**DATASET EXTRACT**
^^^^^^^^
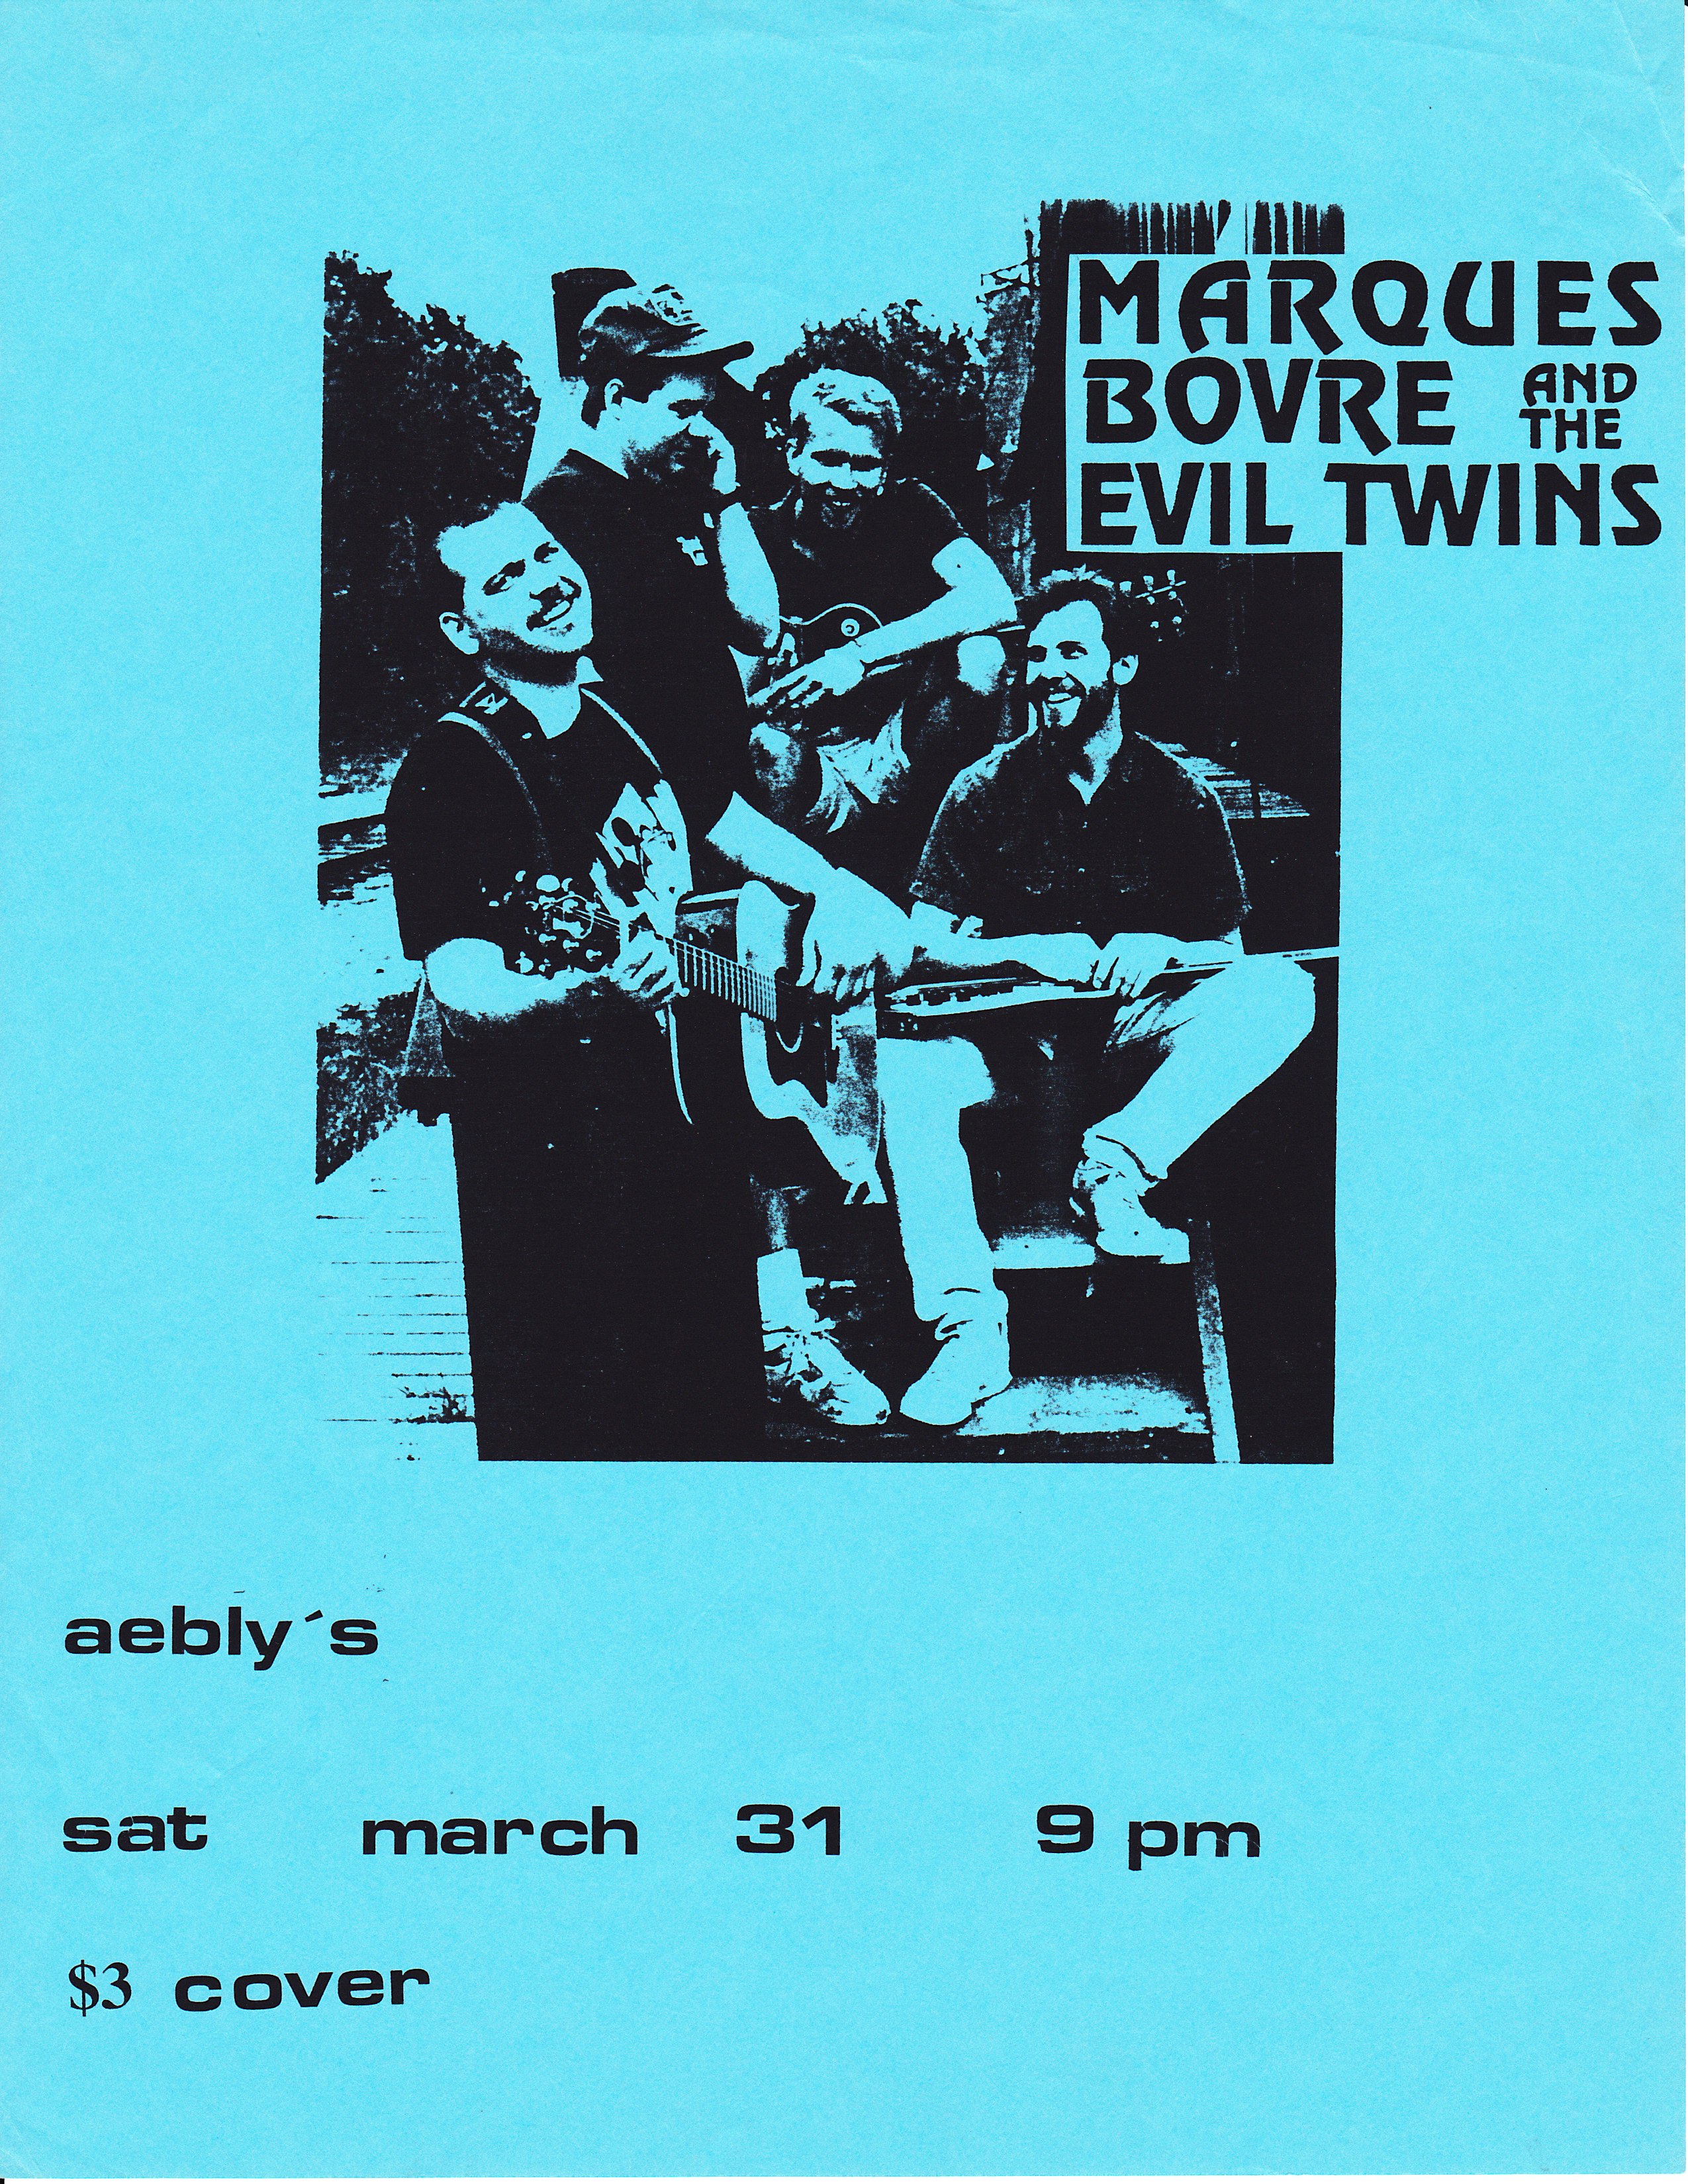 Marques Bovre and the Evil Twins, March 31, 1990
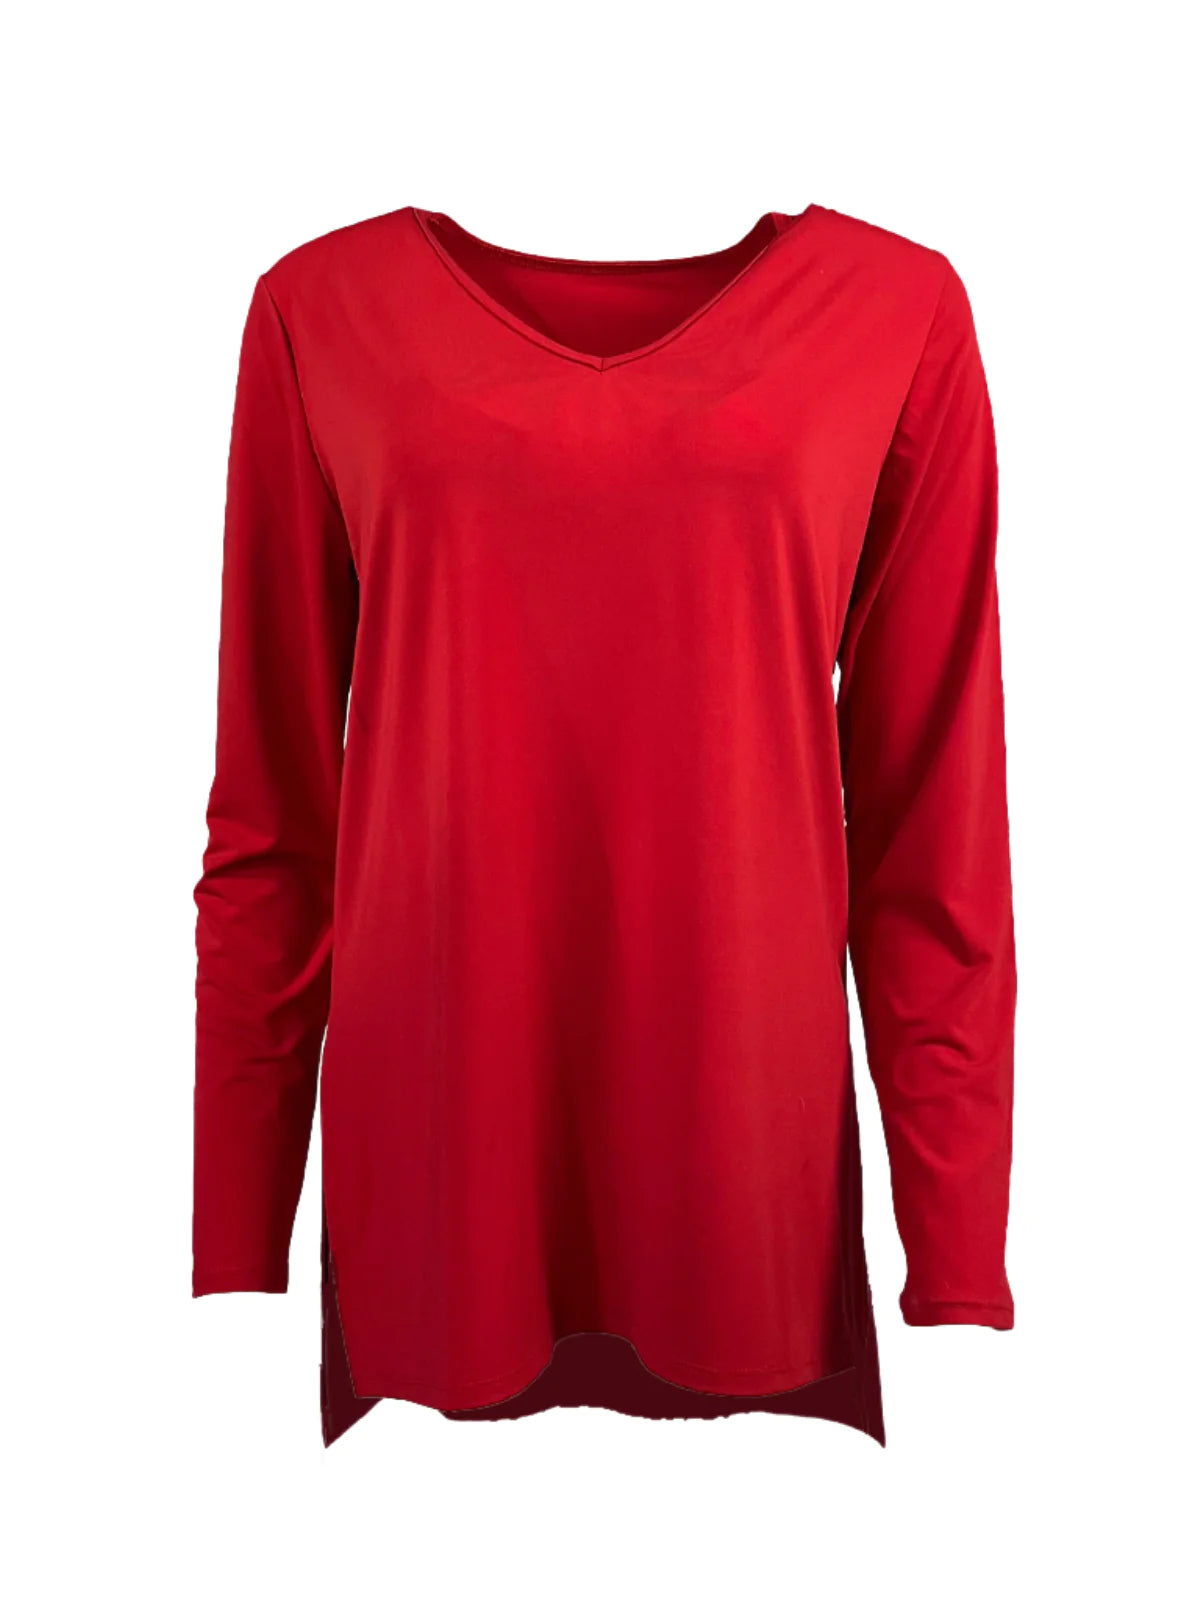 Storyline Collection Hilo Tunic Top
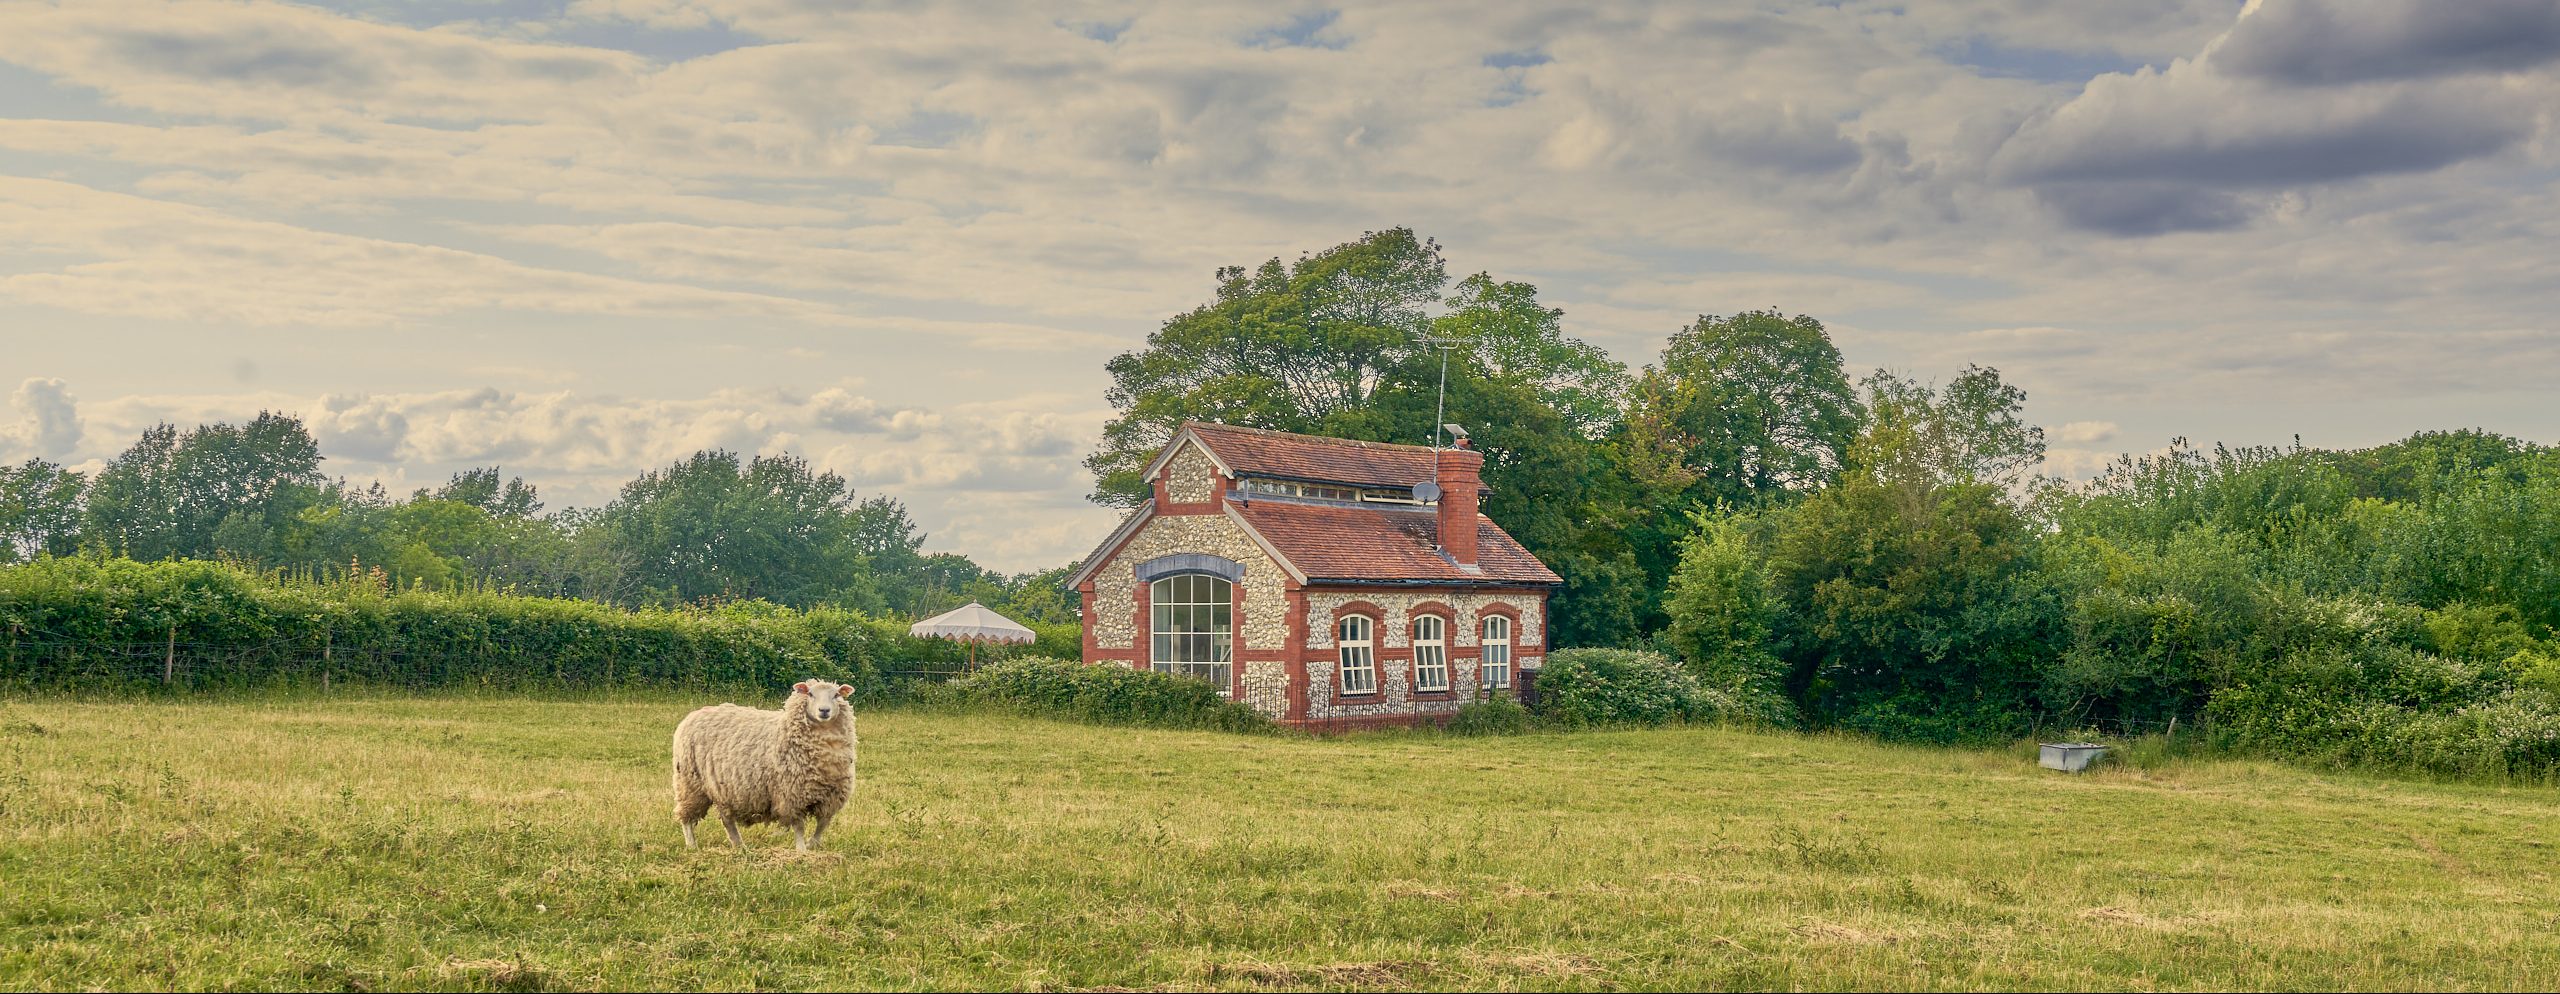 Stay at Wiston - The Pump House
^^^^^^^^
**WHAT YOU SHOULD DO**
A verbatim transcript of the material above, with images dropped, is the expected output.

**RESPONSE BOX**
 Marques Bovre and the Evil Twins, March 31, 1990
 Storyline Collection Hilo Tunic Top
 Stay at Wiston - The Pump House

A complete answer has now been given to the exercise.